Accordingly, it will be appreciated that other suitable algorithms
may be used. The optical flow represents the apparent motion of an
object in a visual scene due to the relative motion between an
observer and the scene itself.
[0110] FIG. 7 shows an example of the optical flow technique,
wherein the rotation of an observer (in this case a fly) is
captured and represented as a 3D and 2D representation. The 2D
representation comprises a plot of elevation and Azmunth, wherein
the optic flow at each location is represented by the direction and
length of each arrow.
[0111] The concept of optical flow is described in more detail in
the following references which are incorporated herein by
reference: S. Baker, D. Scharstein, J. Lewis, S. Roth, M. J. Black,
and R. Szeliski. A database and evaluation methodology for optical
flow. In ICCV, 2007; Wedel, T. Pock, and D. Cremers. Structure- and
motion-adaptive regularization for high accuracy optic flow. In
ICCV, 2009; Wedel, T. Pock, C. Zach, D. Cremers, and H. Bischof. An
improved algorithm for TV-L1 optical flow. In Dagstuhl Motion
Workshop, 2008; M. Werlberger, W. Trobin, T. Pock, A. Wedel, D.
Cremers, and H. Bischof. Anisotropic Huber-L1 optical flow. In
BMVC, 2009; H. Zimmer, A. Bruhn, J. Weickert, L. Valgaerts, A.
Salgado, B. Rosenhahn, and H.-P. Seidel. Complementary optic flow.
In EMMCVPR, 2009; M. Sorci, Automatic face analysis in static and
dynamic environments, Chapter 9, PhD. Thesis, EPFL 2009.

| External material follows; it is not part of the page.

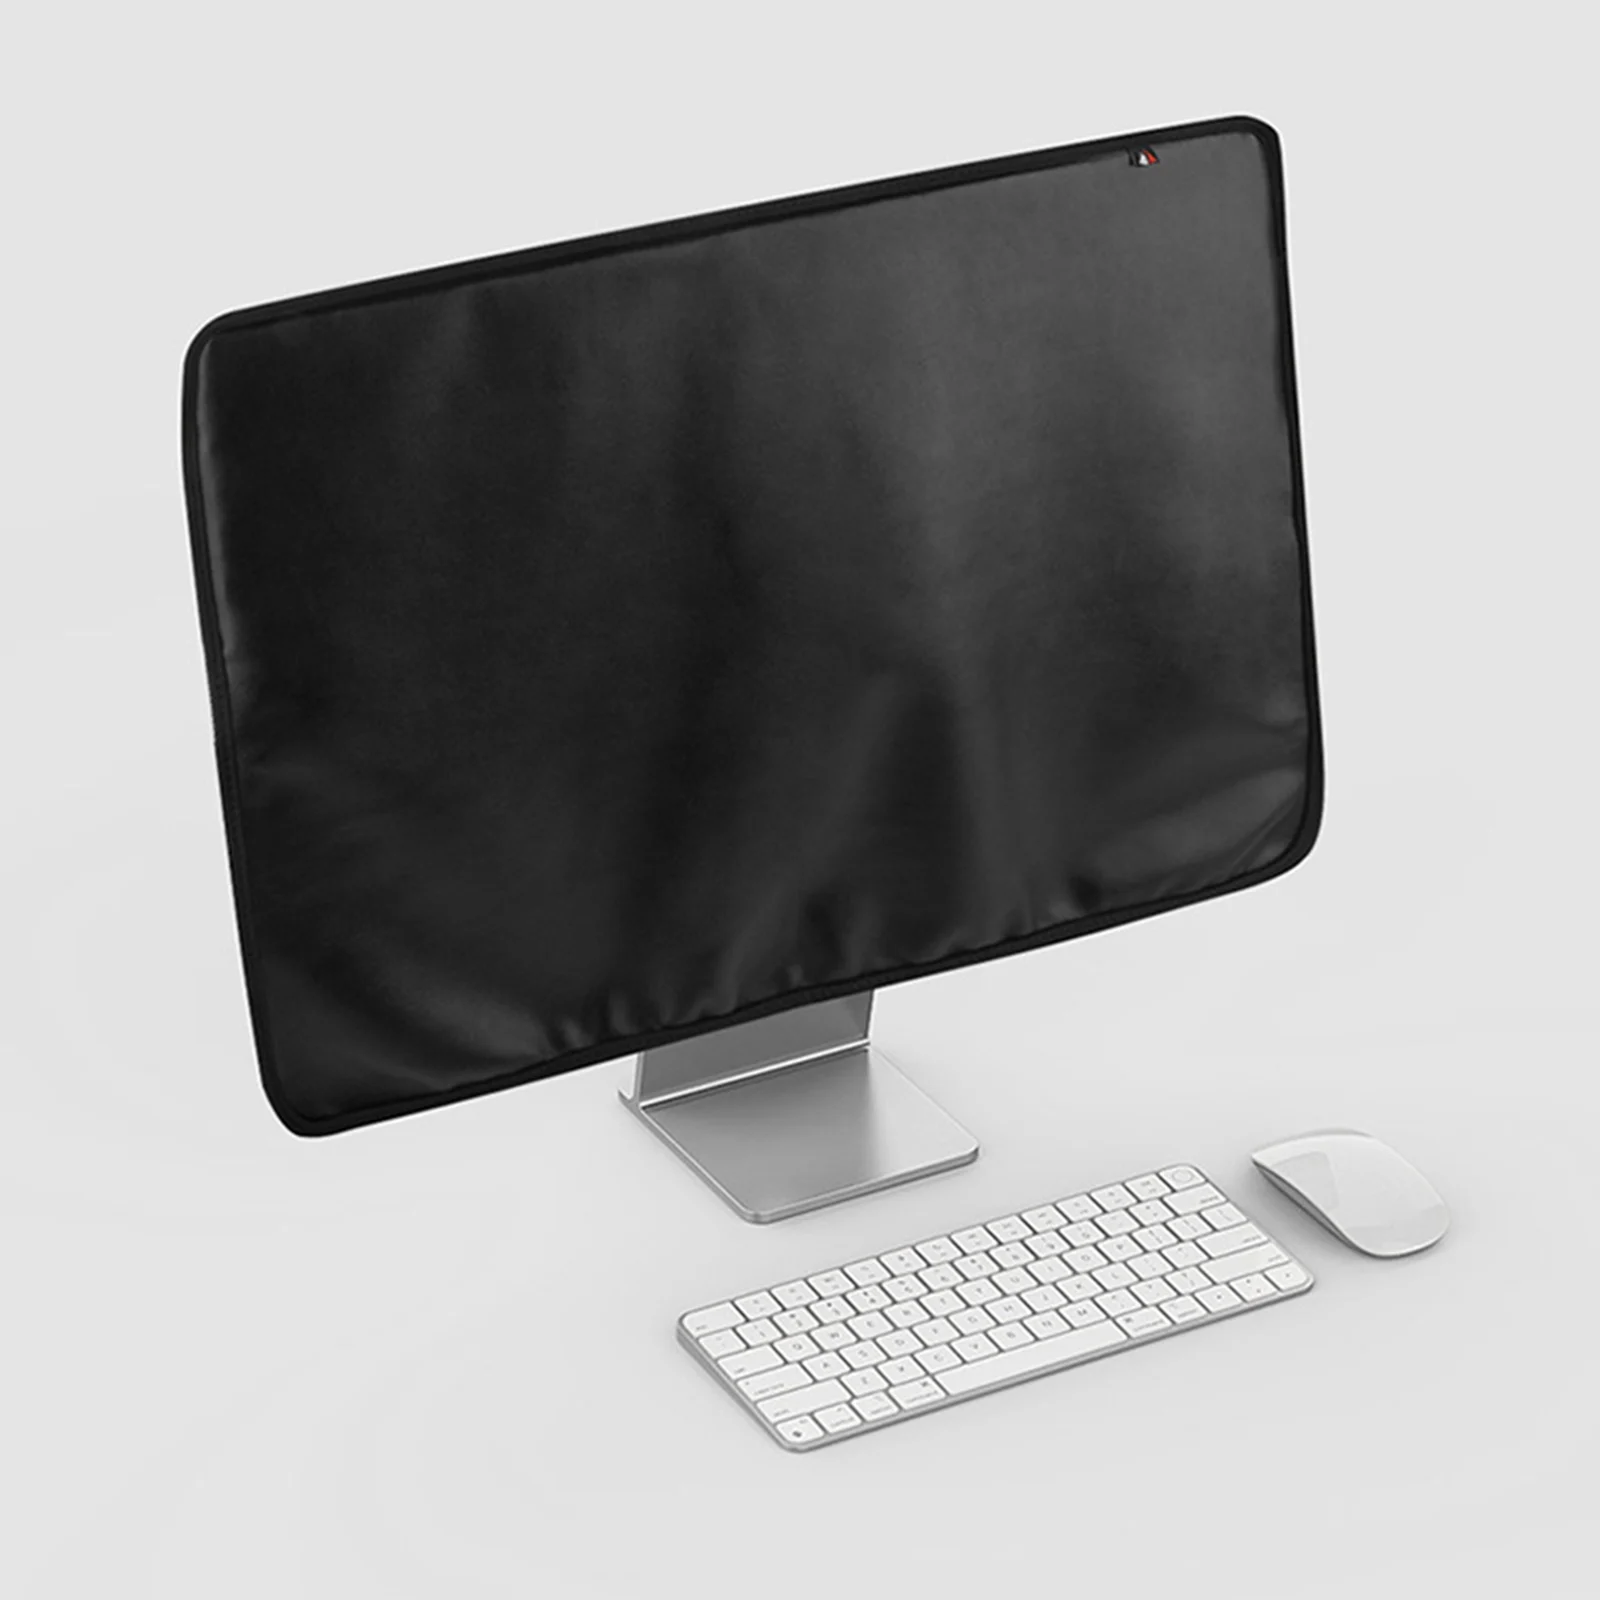 Monitor Dust Cover PU Leather Antistatic Display HD Sleeve Protective Compatible Fit for iMac 24`` Computer PC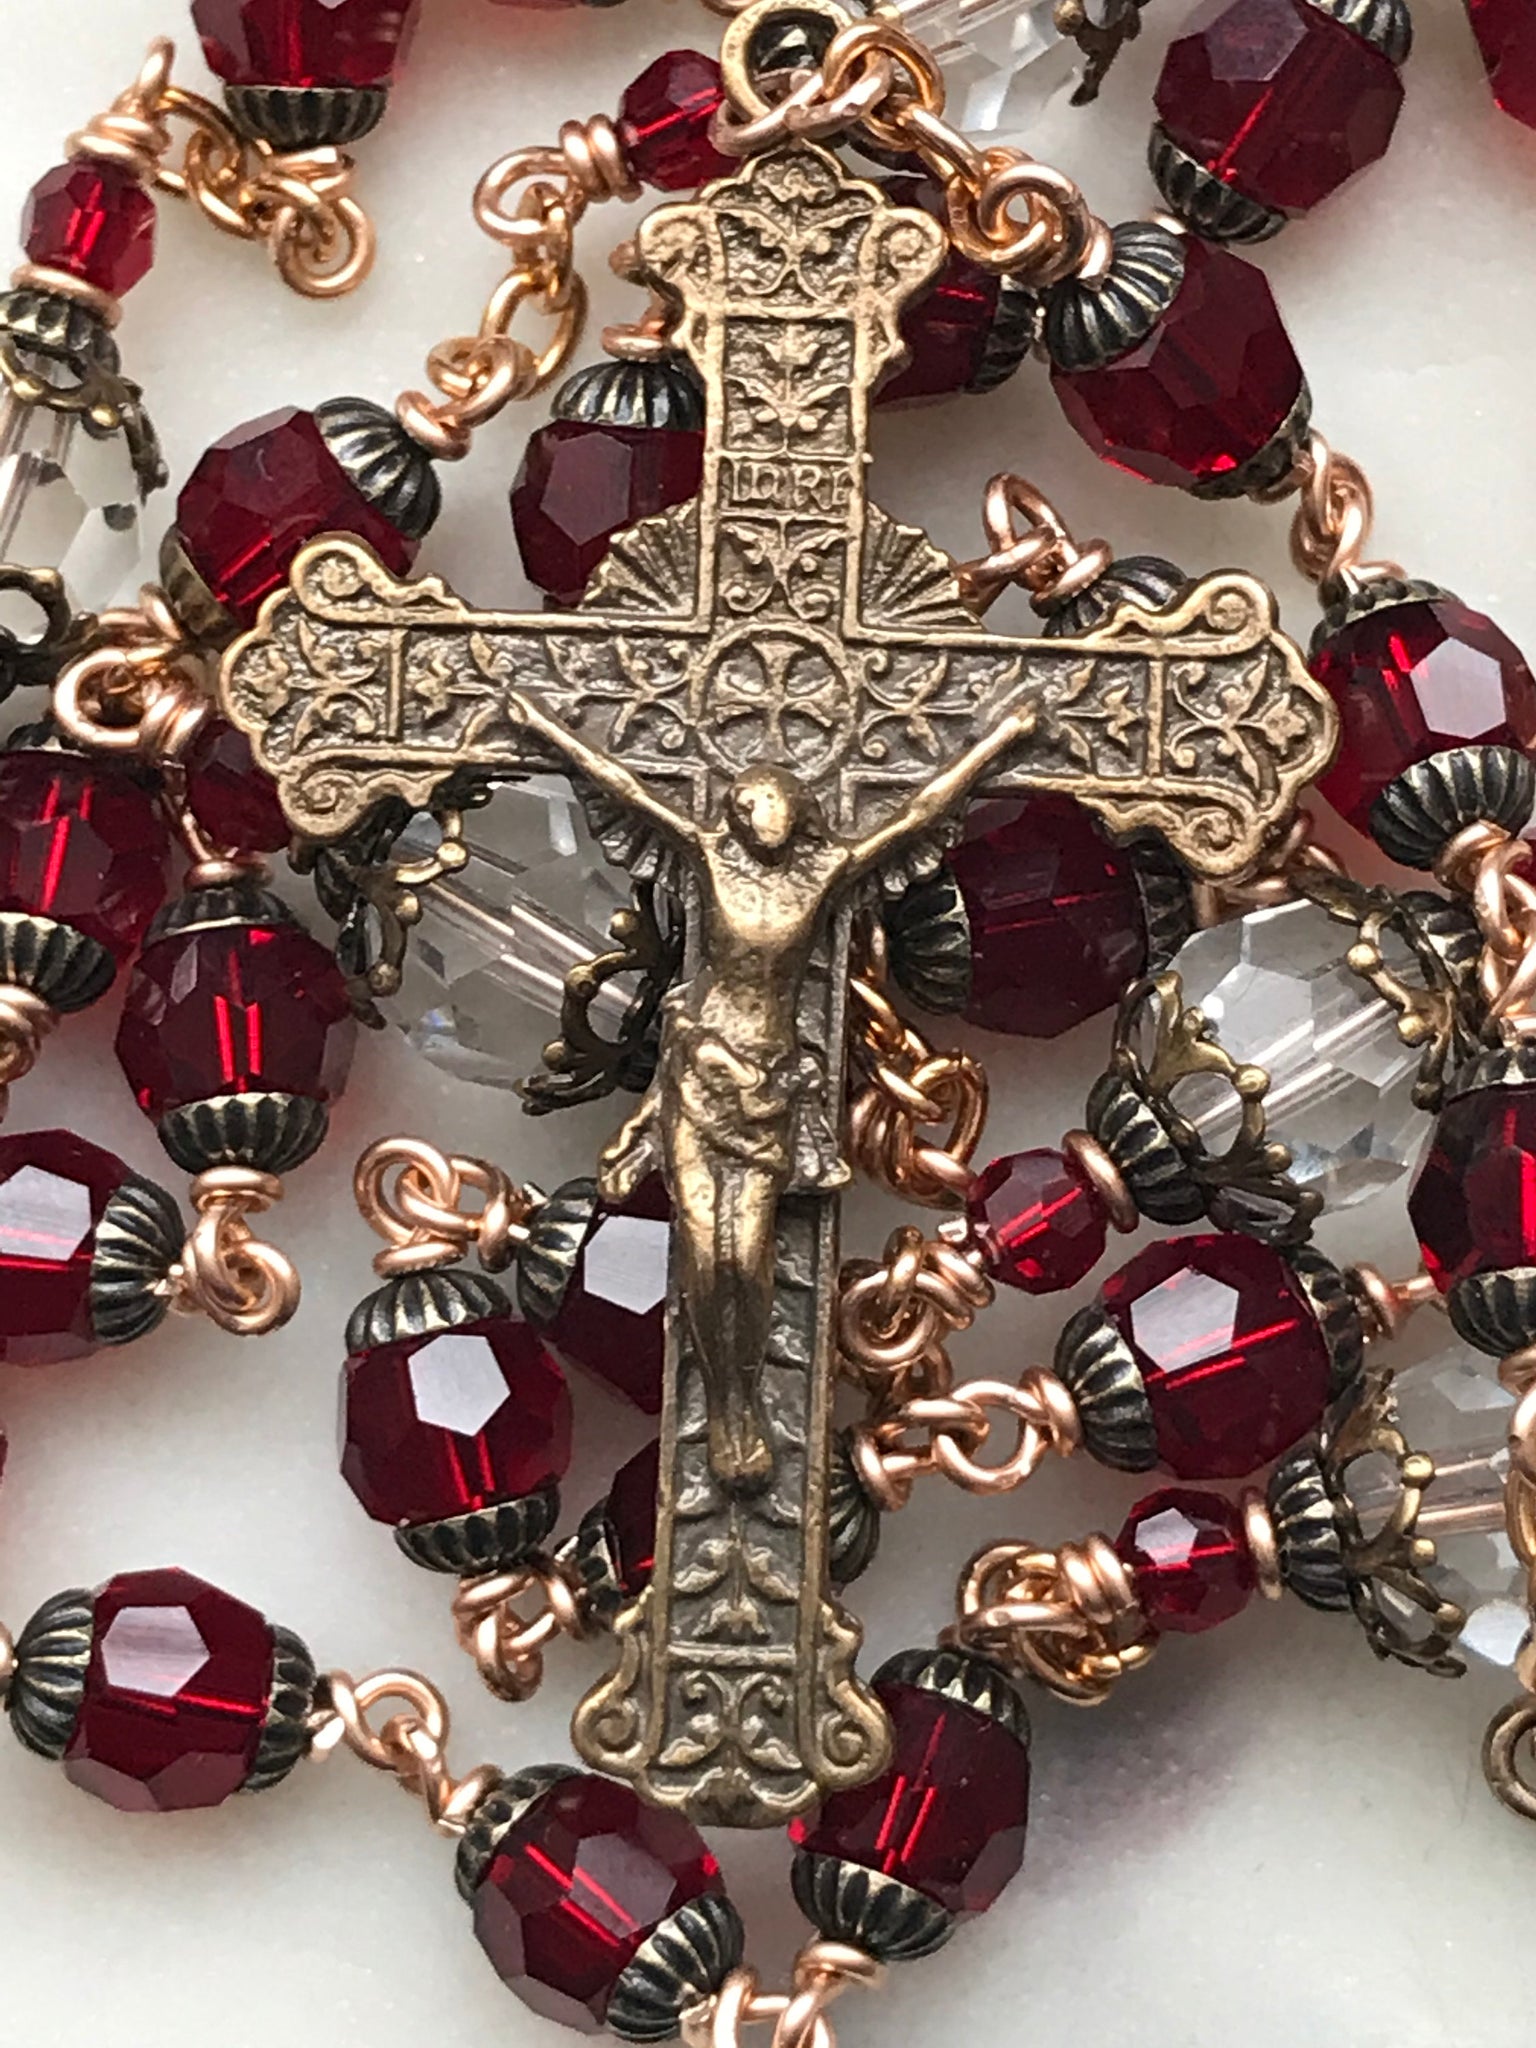 CHAPLET OF THE HOLY FACE - CROSS BEADS

[0112] Herein the application of the optical flow technique is
particularly convenient due to the amount of constraints of the
moving object that is described (which in this example is the head
of a subject). These constraints can be considered to include at
least one or more of the following: the fixed position of the
camera; the profile and consistent position of the subject in the
scene; the known movement of the head (frontal-top-frontal-bottom);
the uniform background.
[0113] The aforementioned constraints allow combining the
description of the movement provided by the optical flow with a
series of heuristics so as to filter the different sources of noise
that occur during the video acquisition process. Examples of noise
that can be filtered include shadows due to changes in lightning
conditions; subtle movements of the camera; noise of the
acquisition system.
[0114] FIG. 8 shows an exemplary process for extracting dynamic
features. Wherein a sequence of images 11 (for example those shown
in of FIG. 6) obtained by the imaging unit 10 are sent to the
imaging module 10. The imaging module 10 thereafter sends the
images 11 to the parameter extraction module 6. The parameter
extraction module is operable to extract the dynamic features from
the images.
[0115] In this example the images are first processed by an optic
flow module 16 of the extraction module 6 to map the direction and
movement of the subject in 3D and 2D optic flow representations.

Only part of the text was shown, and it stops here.